Tragedi Brain Drain di Dunia Muslim

Tragedi Brain Drain ialah berpindahnya sejumlah SDM yang unggul dari negara asalnya menuju negara lain yang lebih maju. Mereka terdiri dari para dokter terlatih, para teknisi berpengalaman, para mahasiswa terbaik, para pakar IPTEK, dan sebagainya. Negara-negara yang menjadi tujuan hengkangnya SDM-SDM terbaik itu antara lain: Amerika Serikat, Inggris, Kanada, Australia, Jepang, Prancis dan Jerman.

Tragedi brain drain banyak menimpa negara berkembang. Dampaknya bukan hanya kehilangan aset negara yang berharga, tapi juga kehilangan potensi ekonomi yang cukup besar. Berikut beberapa contoh tragedi brain drain dari dunia muslim.

MESIR : Dalam masa 10 tahun saja (1970 – 1980), telah kehilangan 950 orang yang berhasil meraih gelar doktor dalam berbagai profesi yang sulit diraihnya. Mereka menolak kembali ke negeri asalnya setelah selesai studi di AS.

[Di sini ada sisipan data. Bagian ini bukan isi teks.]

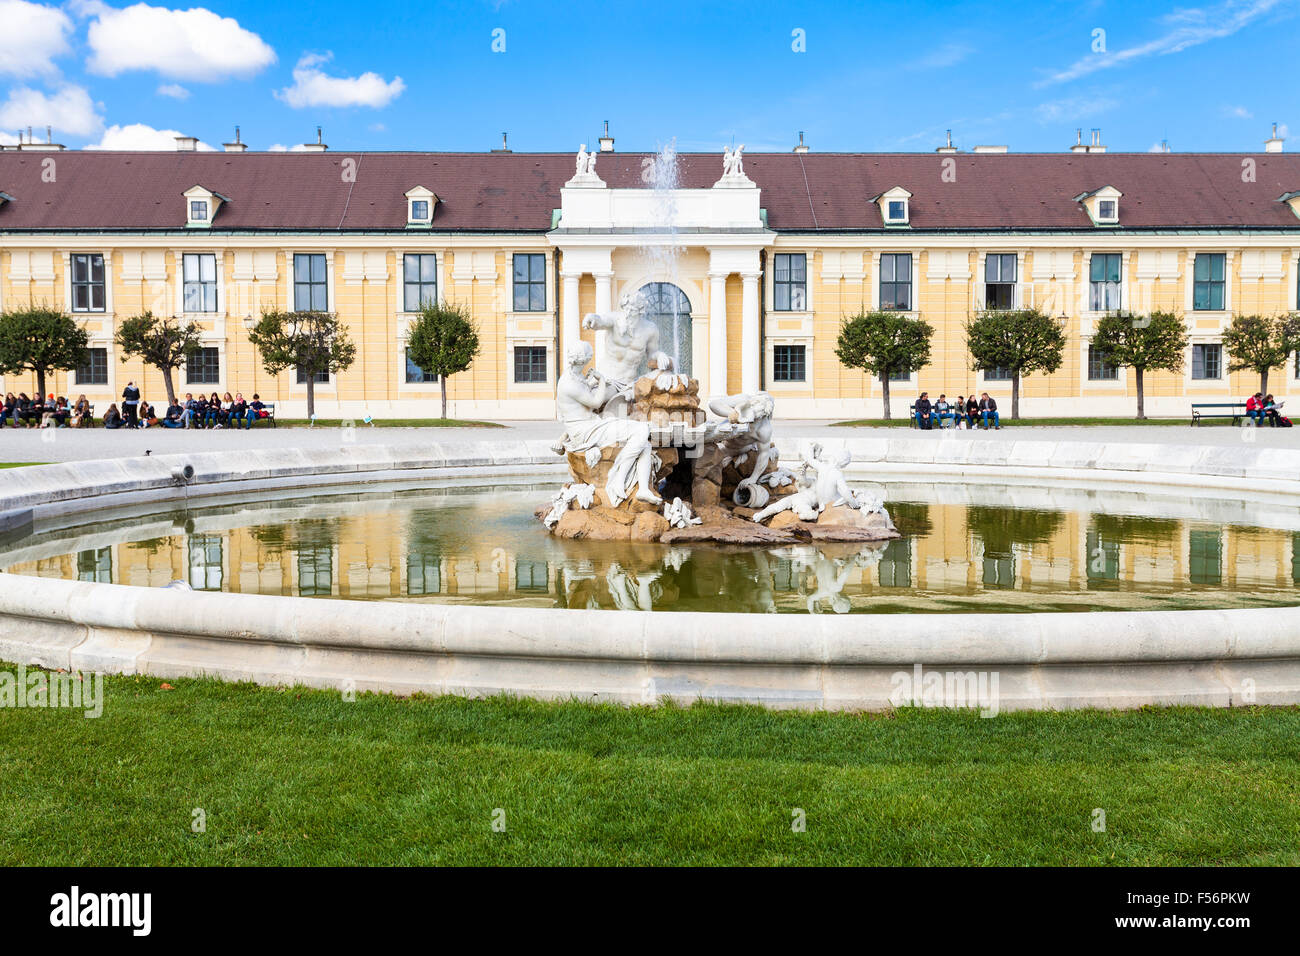 VIENNA, AUSTRIA - SEPTEMBER 29, 2015: tourists on benches near fountain in Schloss Schonbrunn palace garden. Schonbrunn Palace i Stock Photo

PAKISTAN : 3000 dokternya bekerja di luar negeri, sementara jumlah dokter di Pakistan tak lebih dari 15.600 orang. Di Pakistan pada masa itu satu orang dokter bekerja rata-rata untuk 7400 orang masyarakat, bahkan hingga 1:25.000 di daerah pedalaman. Bandingkan rasio ini untuk AS pada masa yang sama, satu orang dokter bekerja rata-rata untuk 400 orang!

NEGERI MAGRIBI (AL-JAZAIR, TUNISIA, MAROKO) : dari Negara-negara ini, jumlah dokter yang bekerja di Prancis melebihi jumlah dokter yang bekerja di negara asalnya masing-masing.

SURIAH, IRAN, TIMUR TENGAH : sampai tahun 1970, total 4000 orang dokter bekerja di Inggris (49% dari Suriah, 39% dari Iran, 12% dari Timur Tengah) dan pada tahun 1971, 2.200 dokter dari Timur Tengah pindah ke Jerman.

IRAK : 81-82% dari mahasiswanya yang diutus oleh pemerintah menolak pulang kembali.

Banyak faktor yang bisa menyebabkan brain drain, yang bisa kita kategorikan menjadi dua : (1) faktor pendorong, (2) faktor penarik. Faktor pendorong adalah kondisi internal, baik persoalan individu (minat, motivasi, faktor keluarga, dsb.) maupun lingkungan (infrastruktur, insentif, pengakuan, dsb.) tempat dia berasal. Sementara faktor penarik adalah masalah insentif yang dijanjikan oleh berbagai negara maju yang bersangkutan, baik yang secara secara langsung ditawarkan, maupun tidak.  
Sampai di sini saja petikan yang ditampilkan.